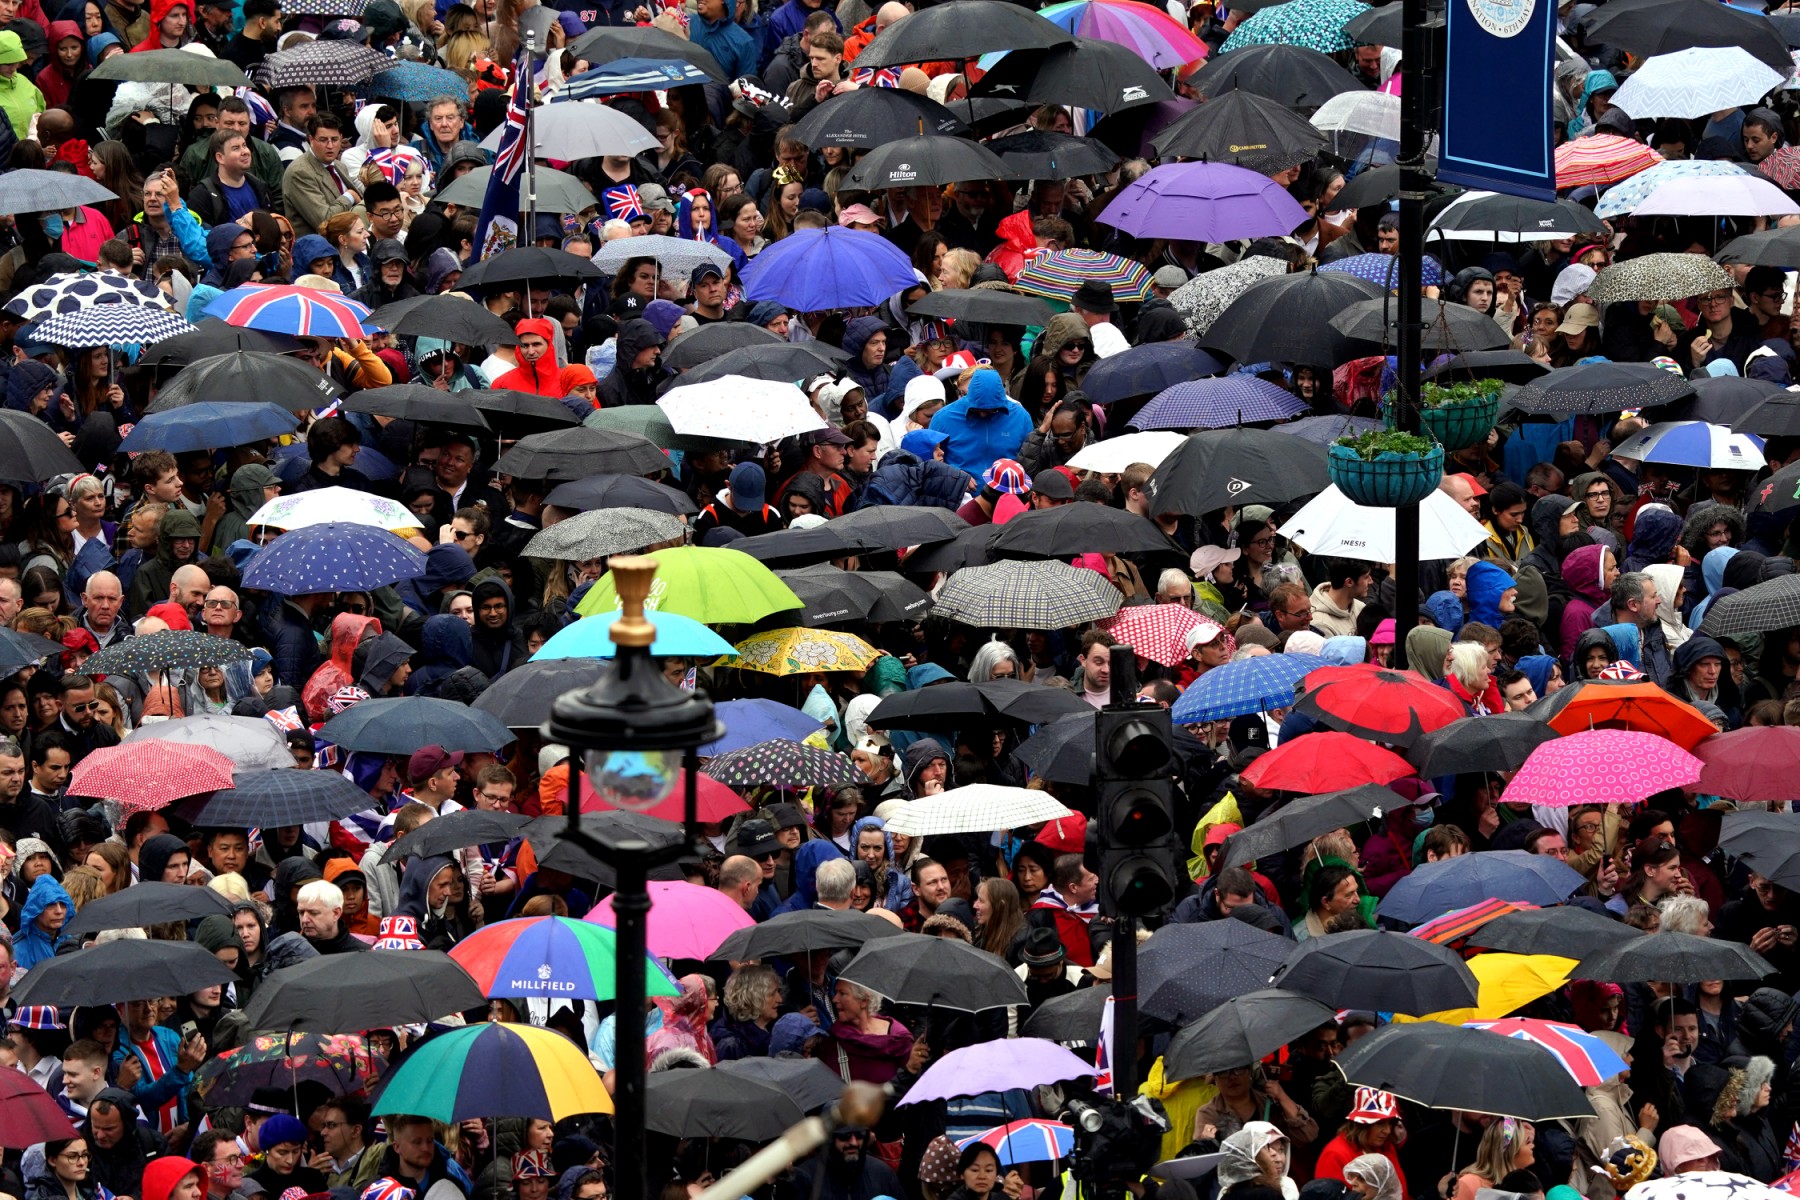 Des foules près de Trafalgar Square ouvrent leurs parapluies avant la cérémonie de couronnement du roi Charles III et de Camilla, reine consort de Grande-Bretagne dans le centre de Londres le 6 mai 2023 (Photo, AFP).
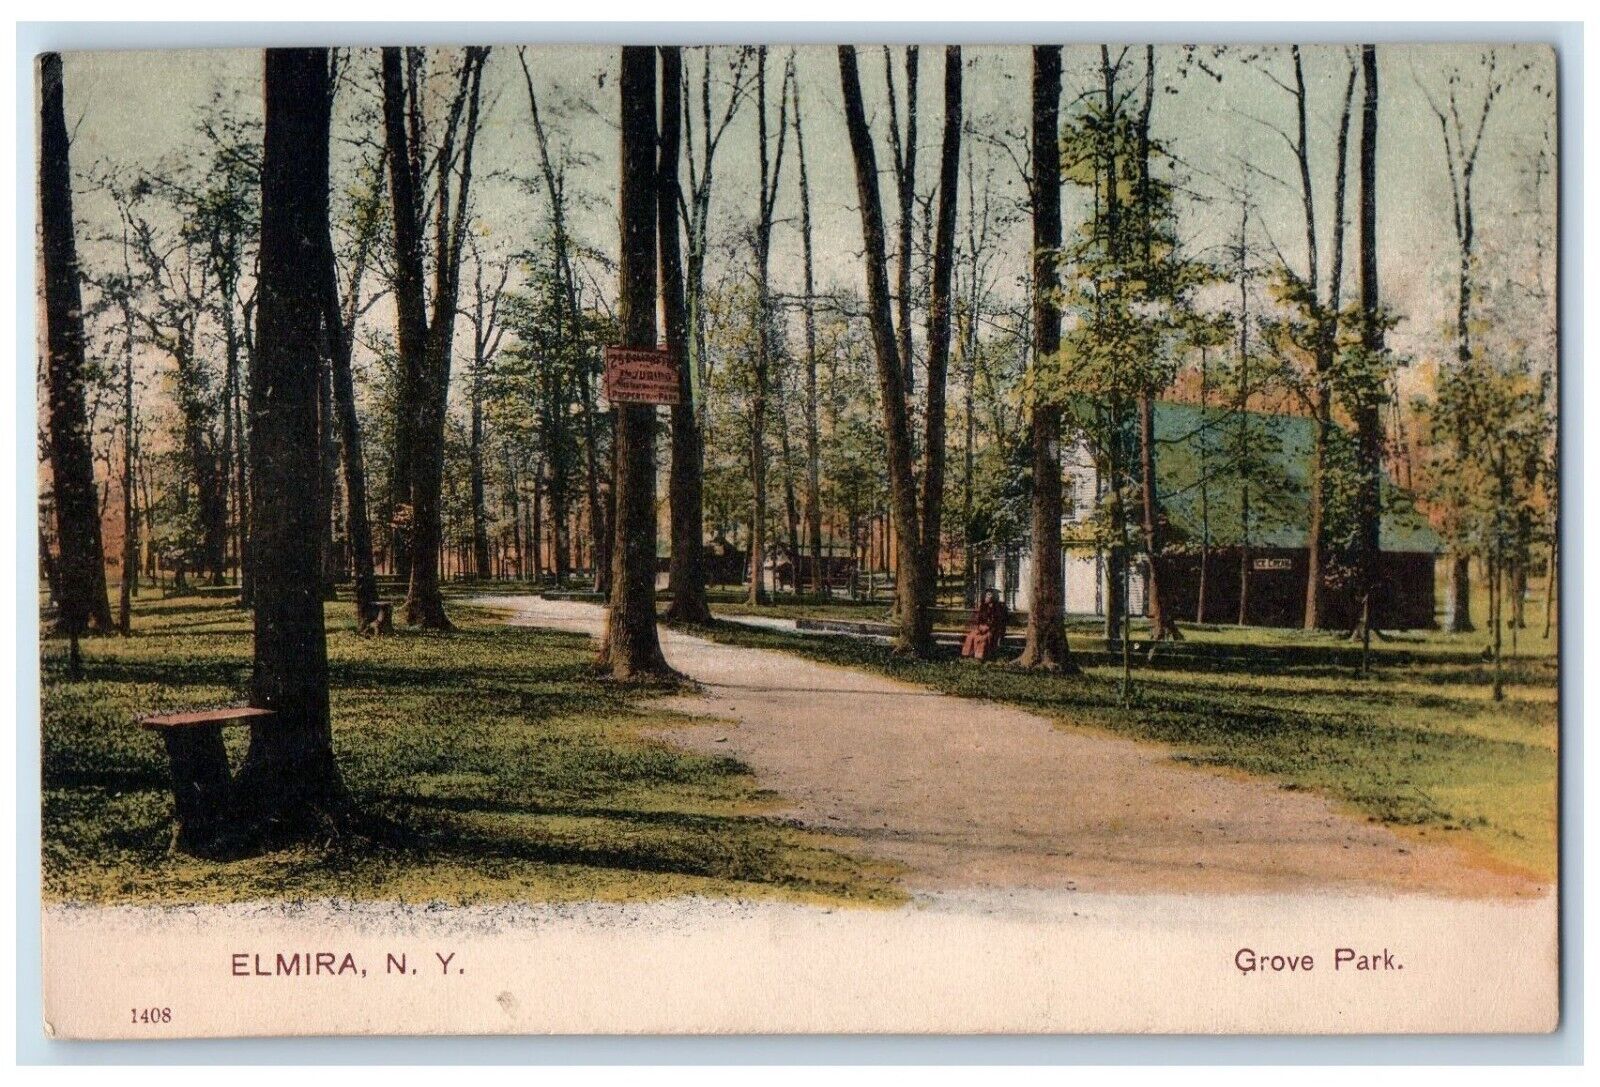 c1905 Grove Park Trees Pathway Shop Elmira New York PCK Vintage Antique Postcard
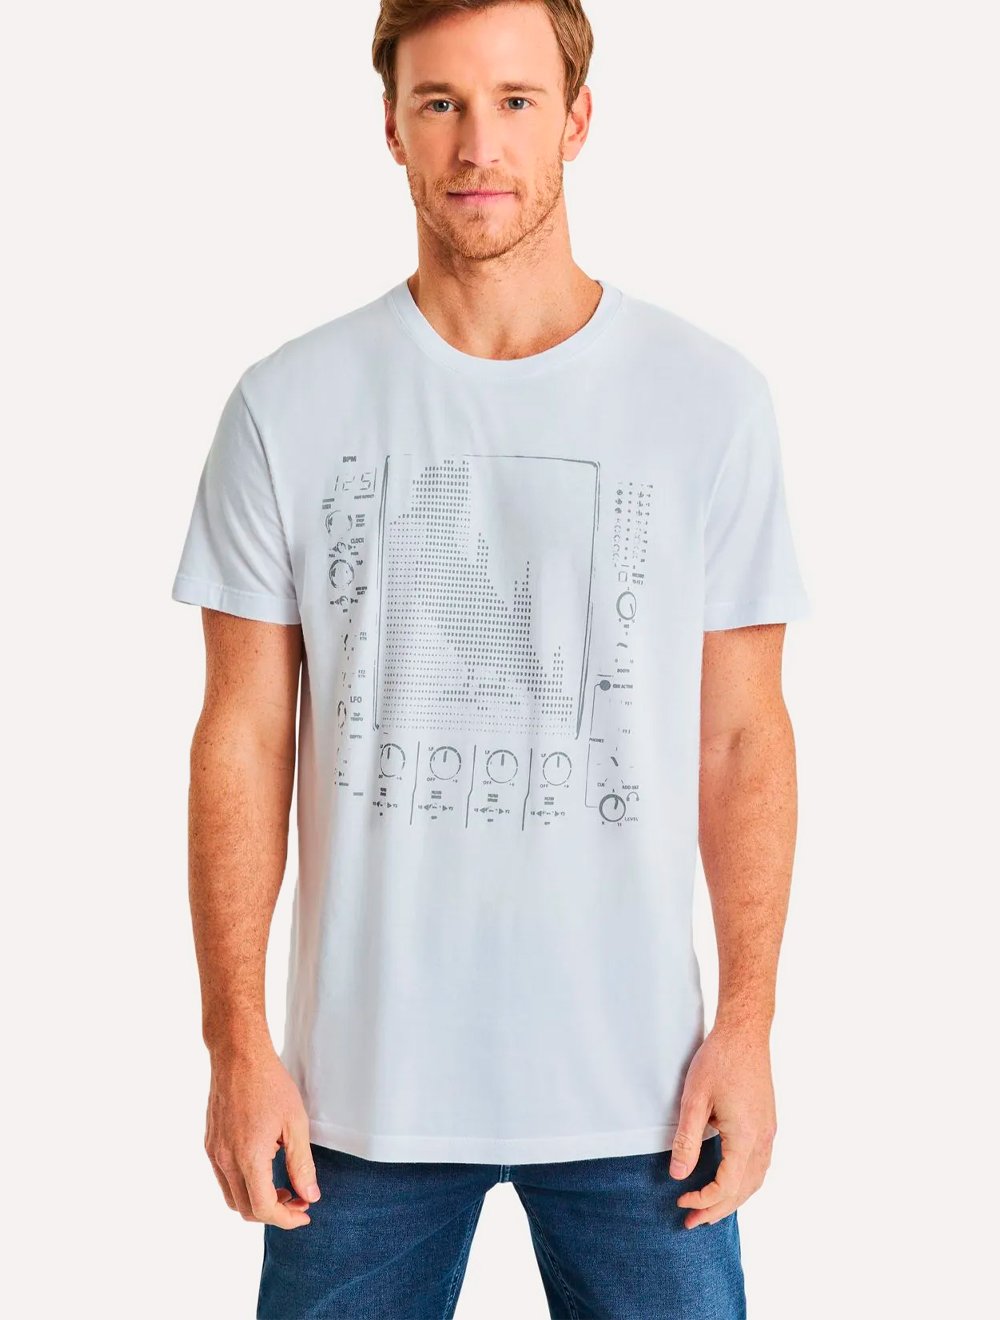 Camiseta Reserva Masculina Estampada Eletro Sample Branca
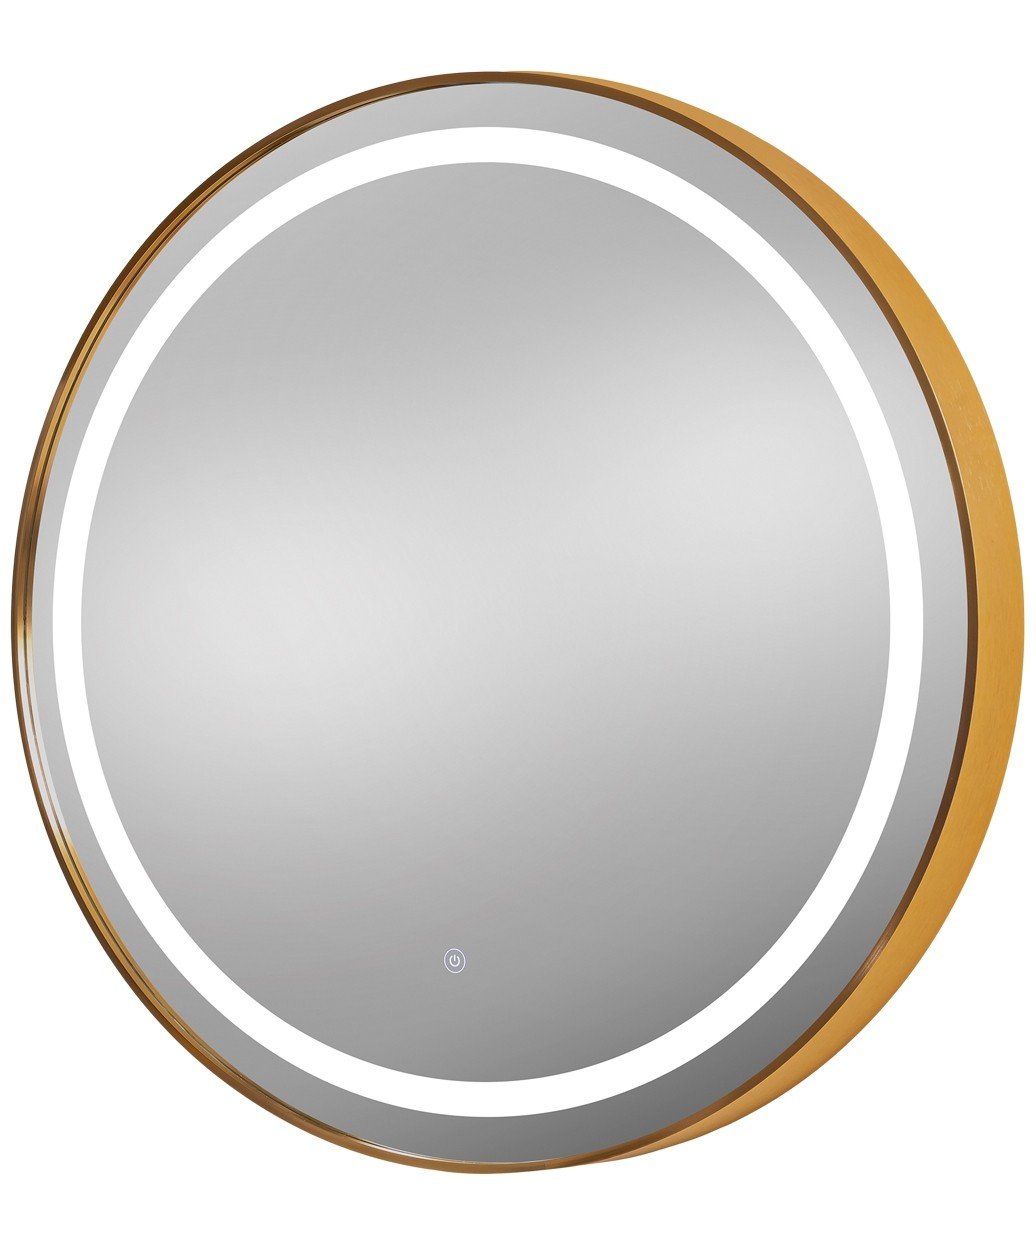 Pibbs 9880 Sola Gold 36" Round LED Salon Mirror

▶ **Activity**: Begin at the line that contains "c1905 Grove Park" and transcribe every line through the end of the listing, exactly as written. Omit the pictures.

▶ **Solved problem**:
 c1905 Grove Park Trees Pathway Shop Elmira New York PCK Vintage Antique Postcard
 Camiseta Reserva Masculina Estampada Eletro Sample Branca
 Pibbs 9880 Sola Gold 36" Round LED Salon Mirror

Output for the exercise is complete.